**Problem to solve:**
Print exactly the lines below between the line containing "10in x 3in Im" and the line containing "Tips for Developing", counting both of those lines. Leave pictures out.

**Material for the task:**
____
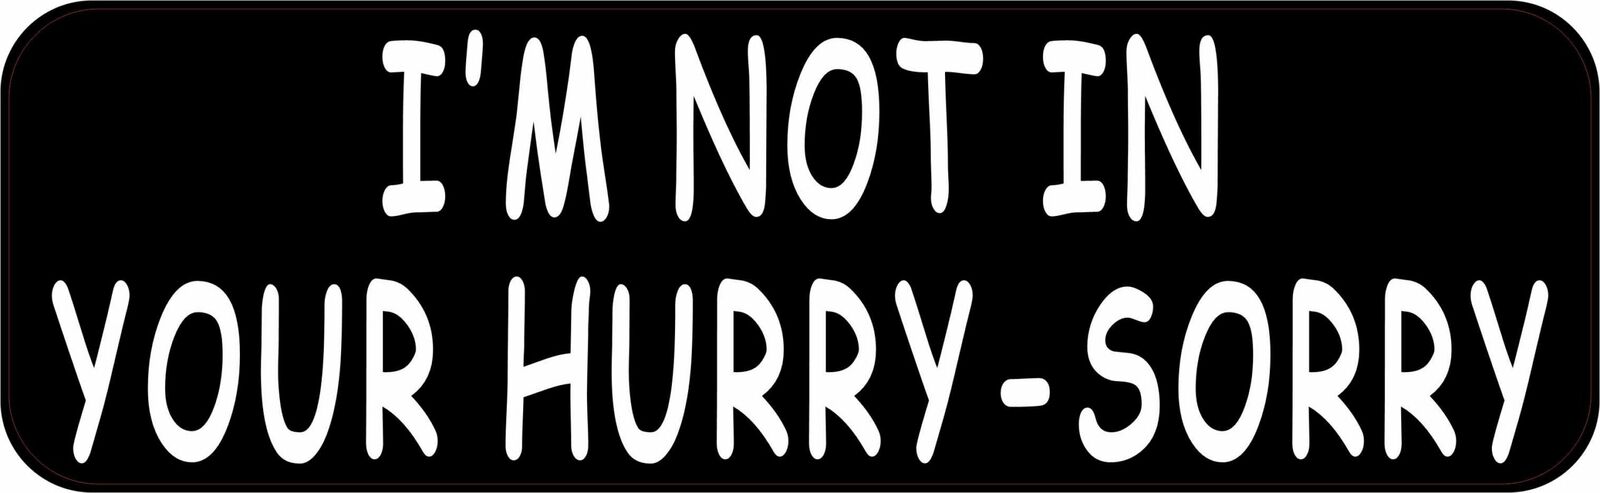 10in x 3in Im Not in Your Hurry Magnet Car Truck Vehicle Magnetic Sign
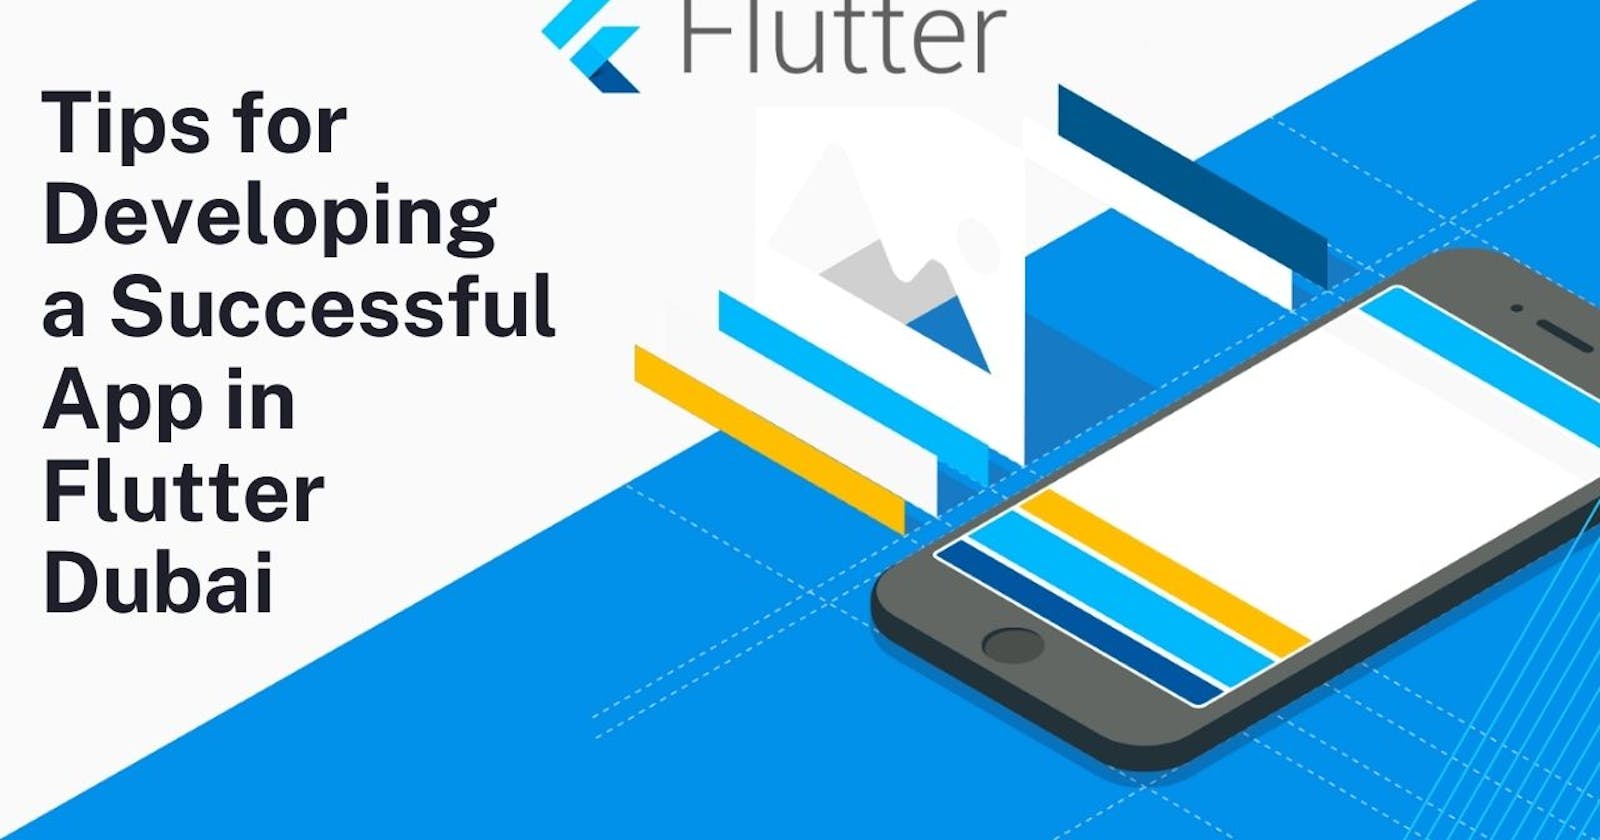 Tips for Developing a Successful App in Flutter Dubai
____
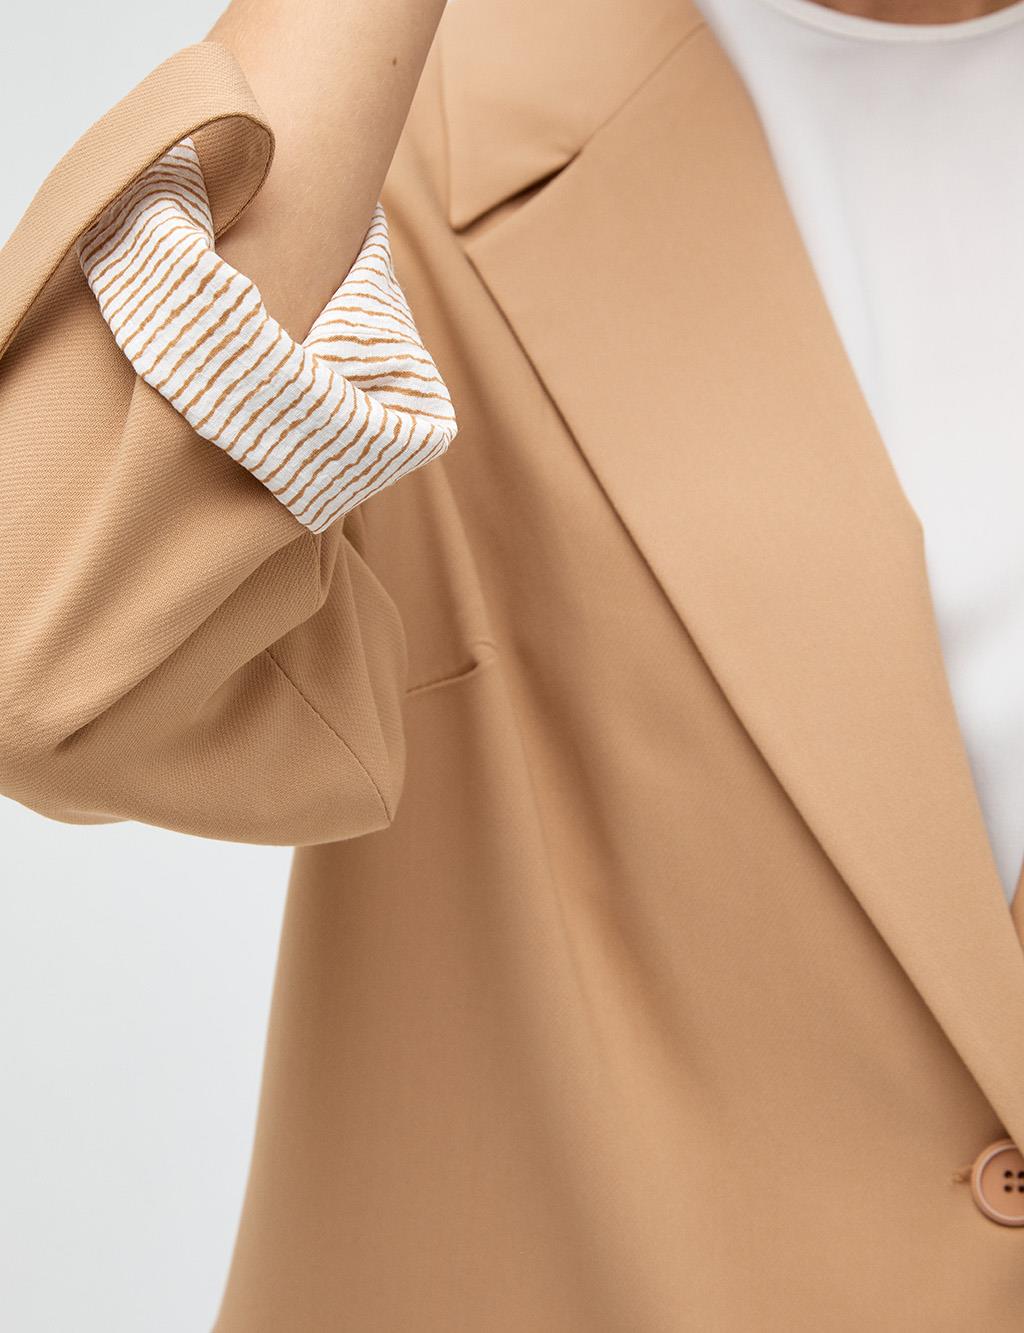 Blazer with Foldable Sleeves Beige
____
**Your solution:**
 10in x 3in Im Not in Your Hurry Magnet Car Truck Vehicle Magnetic Sign
 Tips for Developing a Successful App in Flutter Dubai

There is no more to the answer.